Not surprisingly, there is a considerable amount of confusion around the term PDD.
The problem is that clinicians still sometimes use the term PDD, but they don’t always use it consistently. Some still stick to the DSM-4 definition while others use the term more or less interchangeably with “ASD,“ in line with how the DSM-5 defines it.
Pervasive Developmental Disorder Is Still Widely Used Despite Being Unofficial
Not all clinicians have immediately adopted the DSM-5 definitions, because they believe that the DSM-4 categories were more descriptive. Others use the DSM-5 criteria clinically, but continue to use some of the old nomenclature from DSM-4 out of habit or as shorthand for categories that DSM-5 does not explicitly define.
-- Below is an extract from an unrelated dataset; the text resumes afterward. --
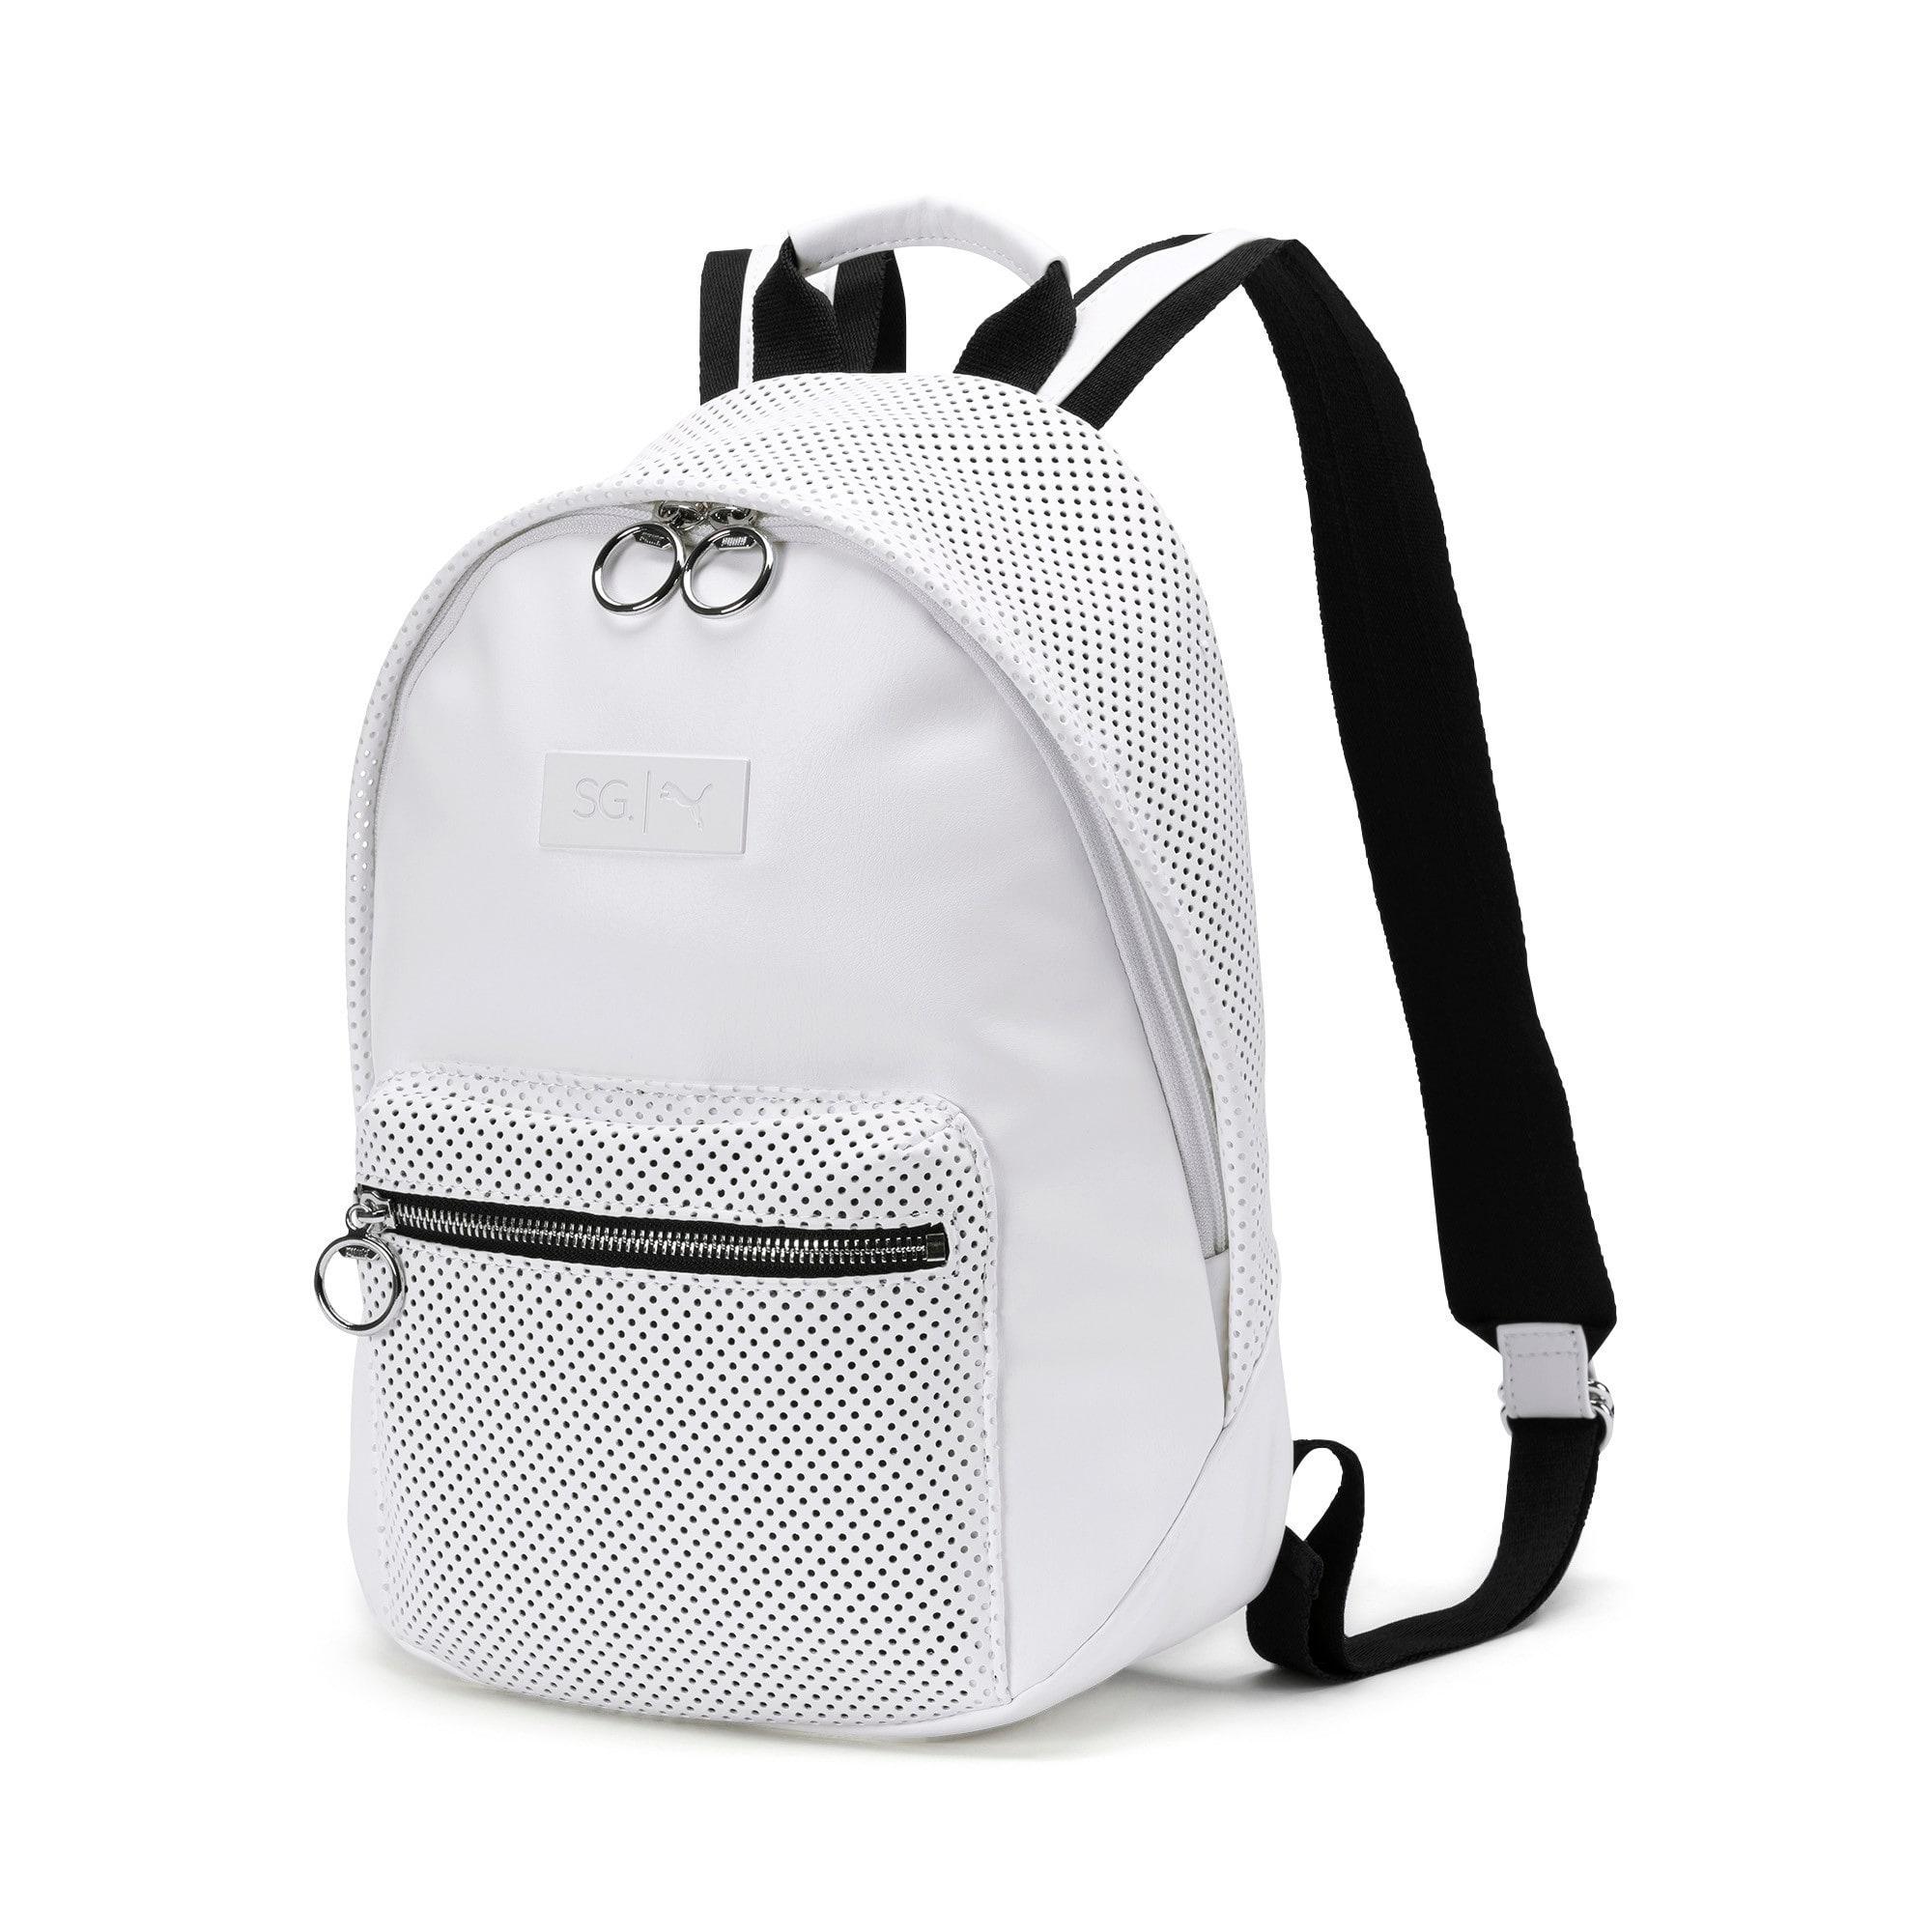 Miniatura 1 de Mochila SG x PUMA Style, Puma White, mediano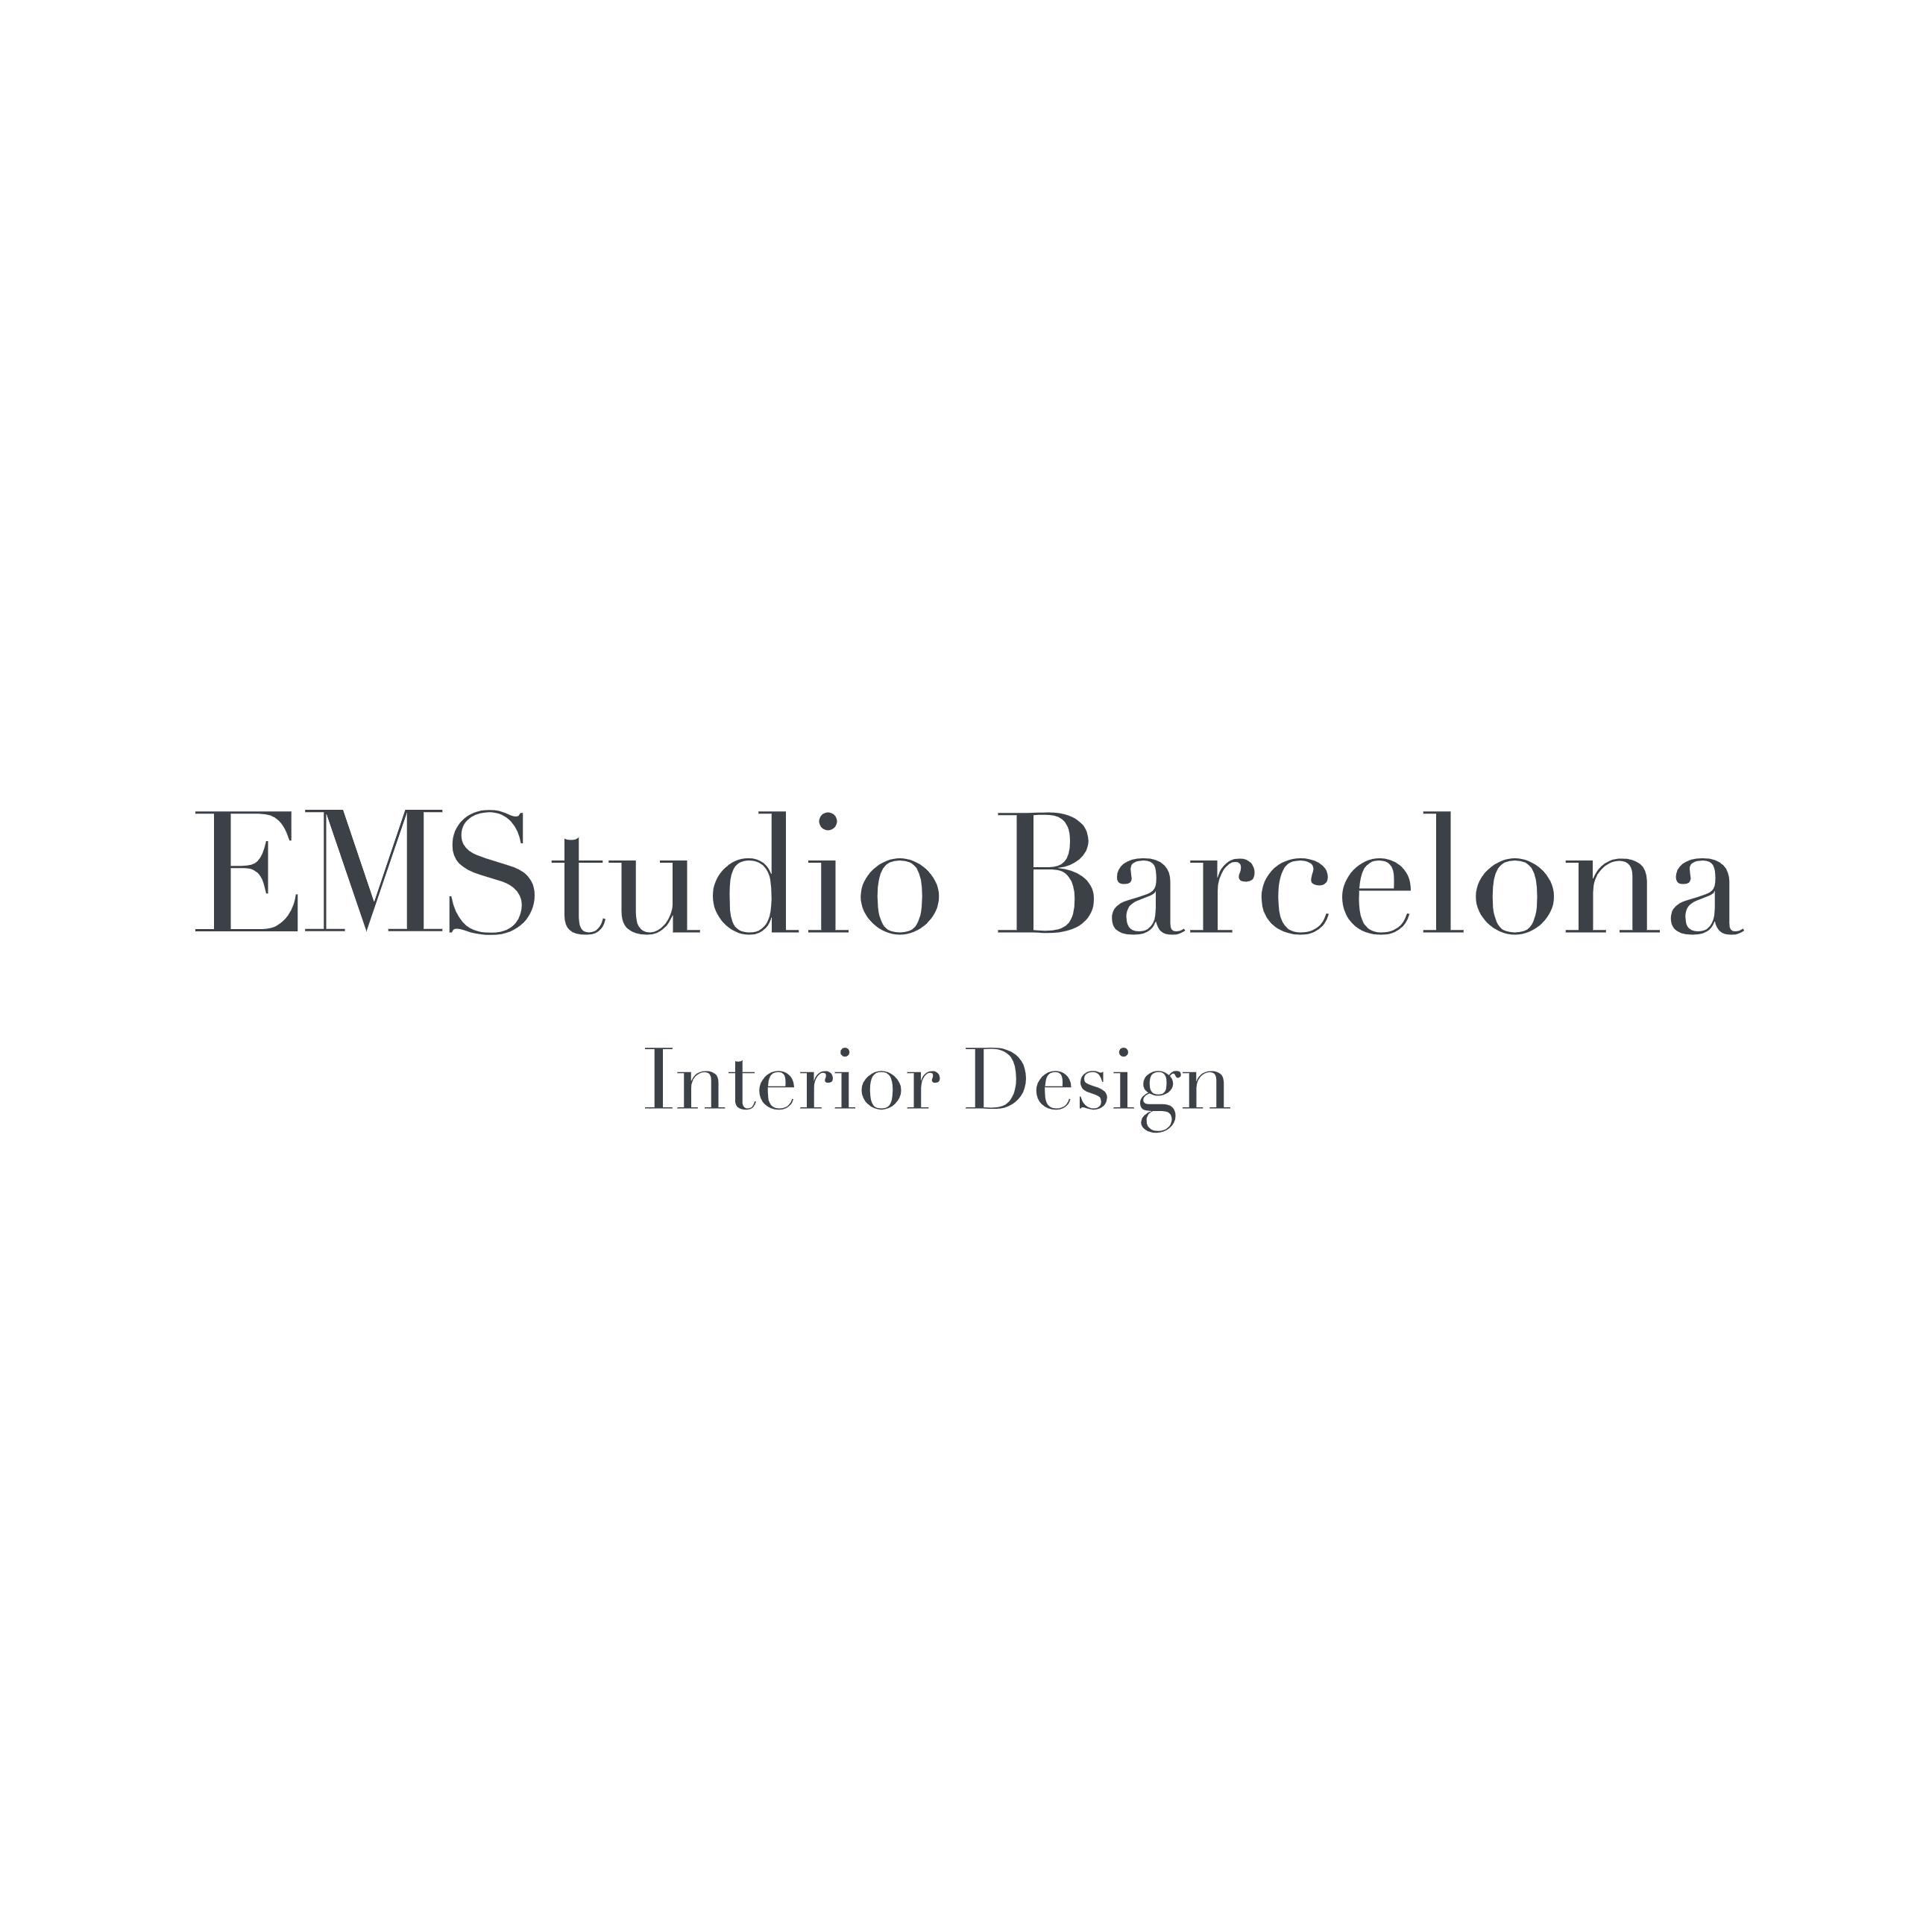 EMStudioBarcelona logo

Making matters even more complicated, medical professionals and many insurers use the International Statistical Classification of Diseases and Related Health Problems, or ICD-10, for diagnoses. The ICD-10 continues to include a classification for pervasive developmental disorder, unspecified, although it does not contain detailed criteria for providing a diagnosis.
That is in keeping with the original use of PDD-NOS, however, which was essentially a catch-all diagnosis for individuals who exhibited some autistic symptoms but did not meet the previously more stringent criteria for a definitive autism diagnosis. Additionally, because of the sometimes gradual onset of autism symptoms in toddlers, clinicians sometimes preferred to makes a diagnosis of PDD-NOS in cases where there remained some question as to whether or not full-blown autism would manifest in younger patients.
So, although PDD and PDD-NOS were (and still are, by some professionals) sometimes used interchangeably, they did not refer to the same thing. Today, both are essentially absorbed into the broader definition of autism spectrum disorder.